Letter to the Editor
Letters to the Editor
Emergency Medicine News welcomes letters to the editor about any subject related to emergency medicine. Please limit your letter to 250 words, and include your full name, credentials, and city and state of residence or practice.
Letters may be edited for content, length, and grammar. Submission of a letter constitutes the author's permission to publish on all media, including print, online, and social media, but does not guarantee publication. Letters express the views of the authors and do not necessarily reflect those of Emergency Medicine News and Wolters Kluwer.

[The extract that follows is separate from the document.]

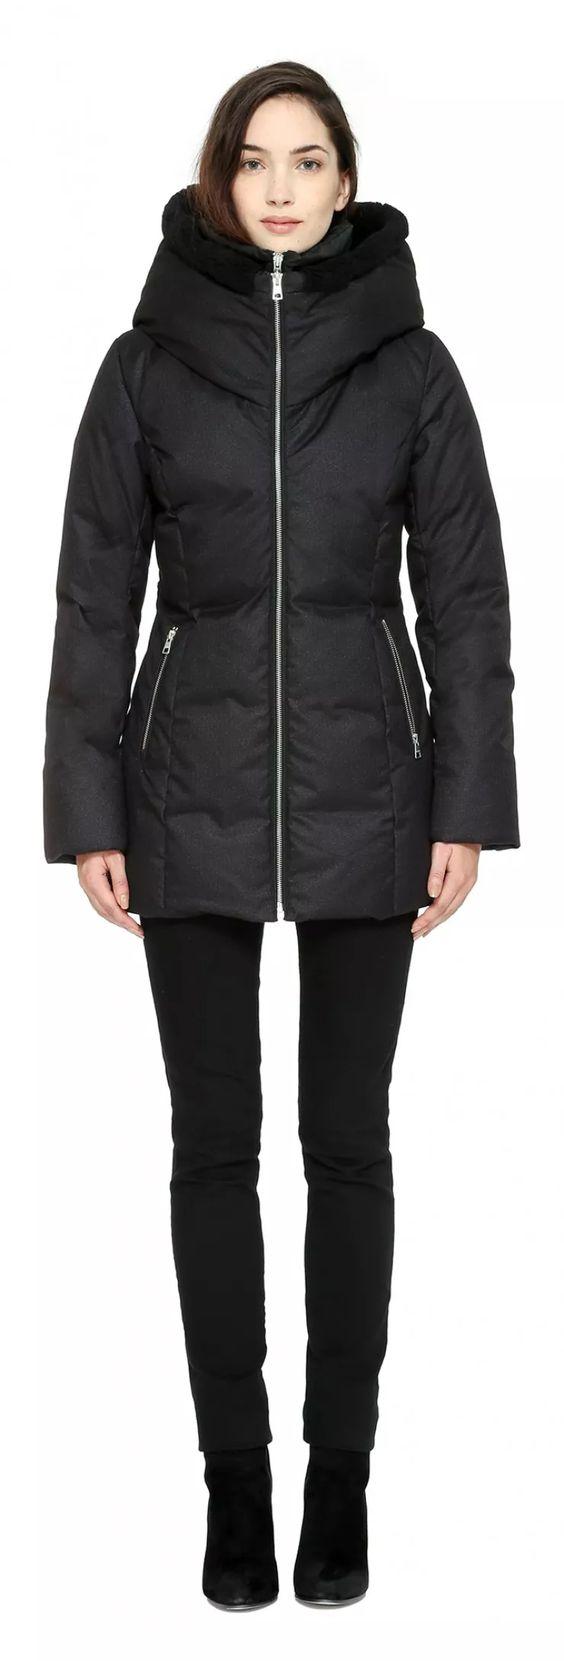 PEARLIE Car coat length brushed down coat in Black | Manteaux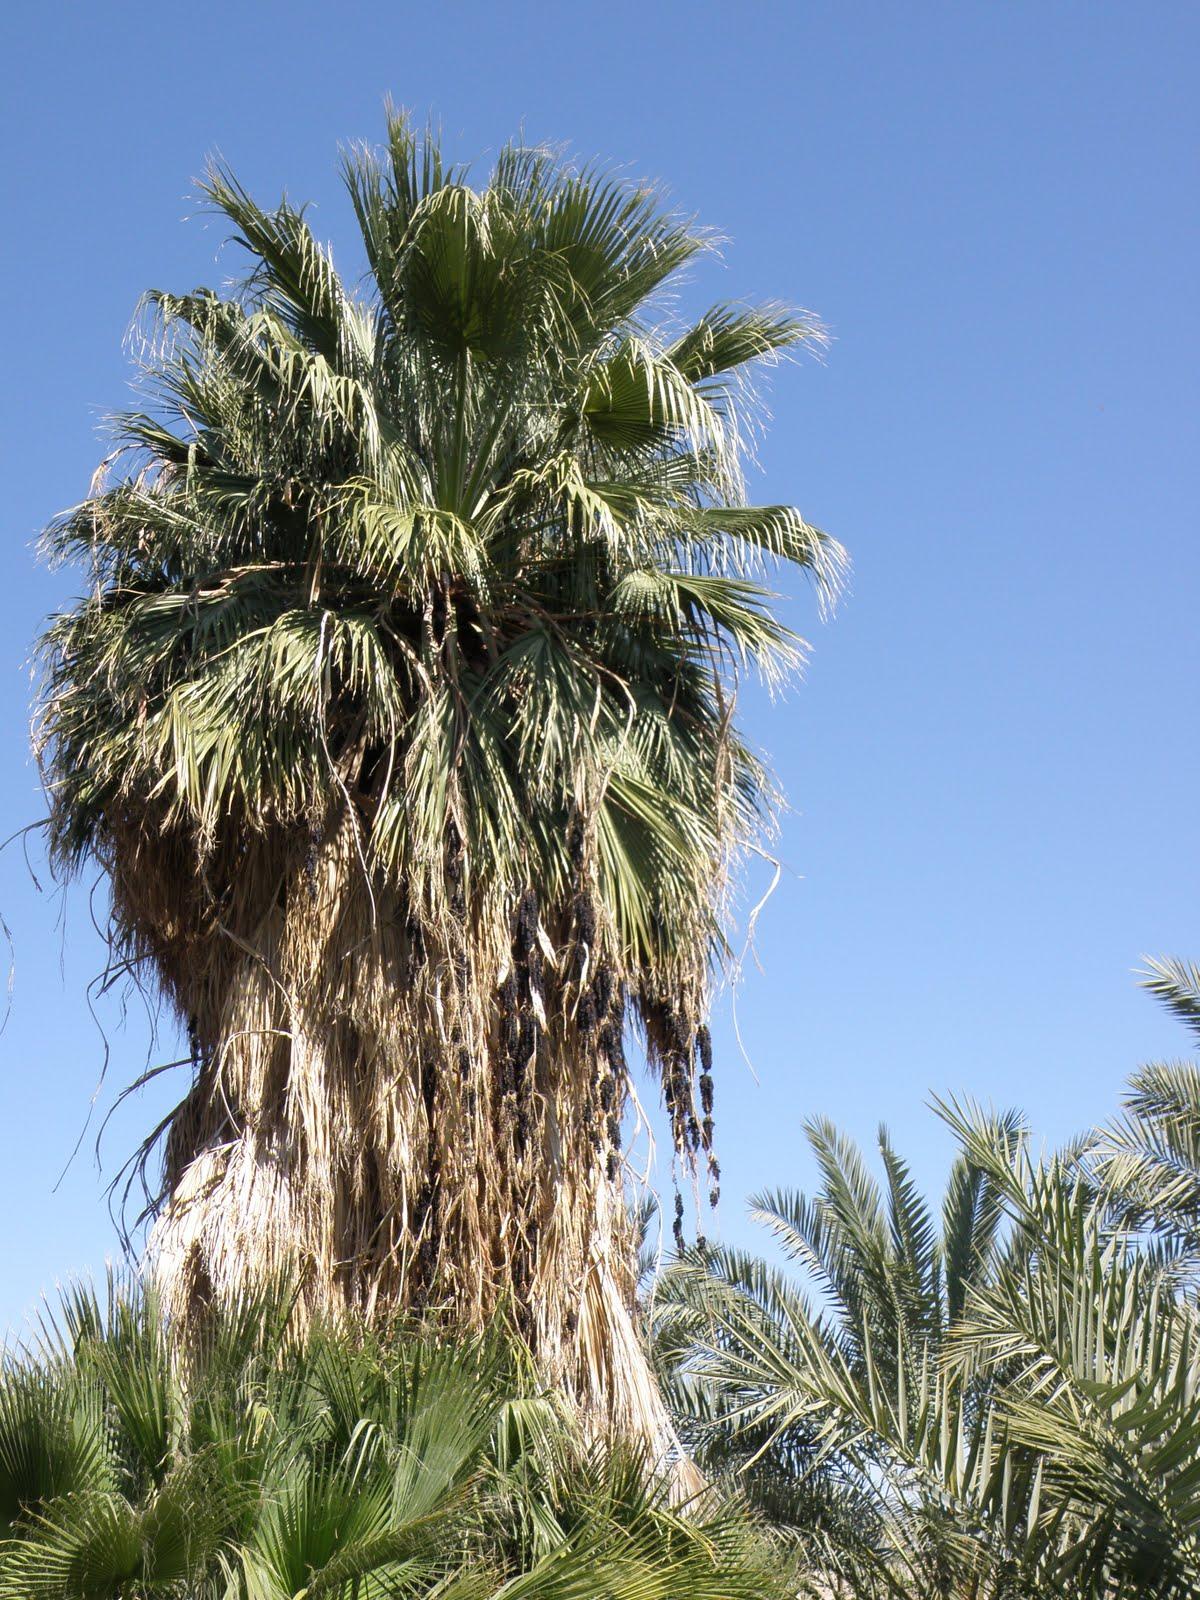 The Hive Palm Beach Louis Sherry

Letters to the editor may be sent to firstname.lastname@example.org.
I share Dr. Robert Baron's frustration with frequent interruptions and distractions; they are a significant (if unmeasurable) contributor to medical error in the ED. (“Give EPs Back Their Quiet Space to Think,” [letter] EMN 2019;41:25; http://bit.ly/2tibYtN.) Communication is important, but more isn't necessarily better. Private physician dictation rooms are a luxury we're no longer provided. My personal solution is a computer on wheels.
When our group transitioned to pods, I soon realized that constantly being in the staff's line of sight drastically increased my interruptions. I started pushing a computer into the room with me. When staff had to start leaving their chairs to track me down, it cut those interruptions dramatically without sacrificing safety. If it's really important, they come find me!
It's more efficient when I enter my orders at the bedside because I don't have to run back when I forgot to ask about allergies. I can review the old chart, which leads to crucially pertinent questions, and enter the HPI in real time. I sit while doing it, so I end up spending a lot more time with patients and family. They love it, and I can be productive if they start to ramble. This has truly been a game-changer in efficiency and patient satisfaction. When I need quiet time to think, I park in the hallway away from the hubbub of the nurse's station.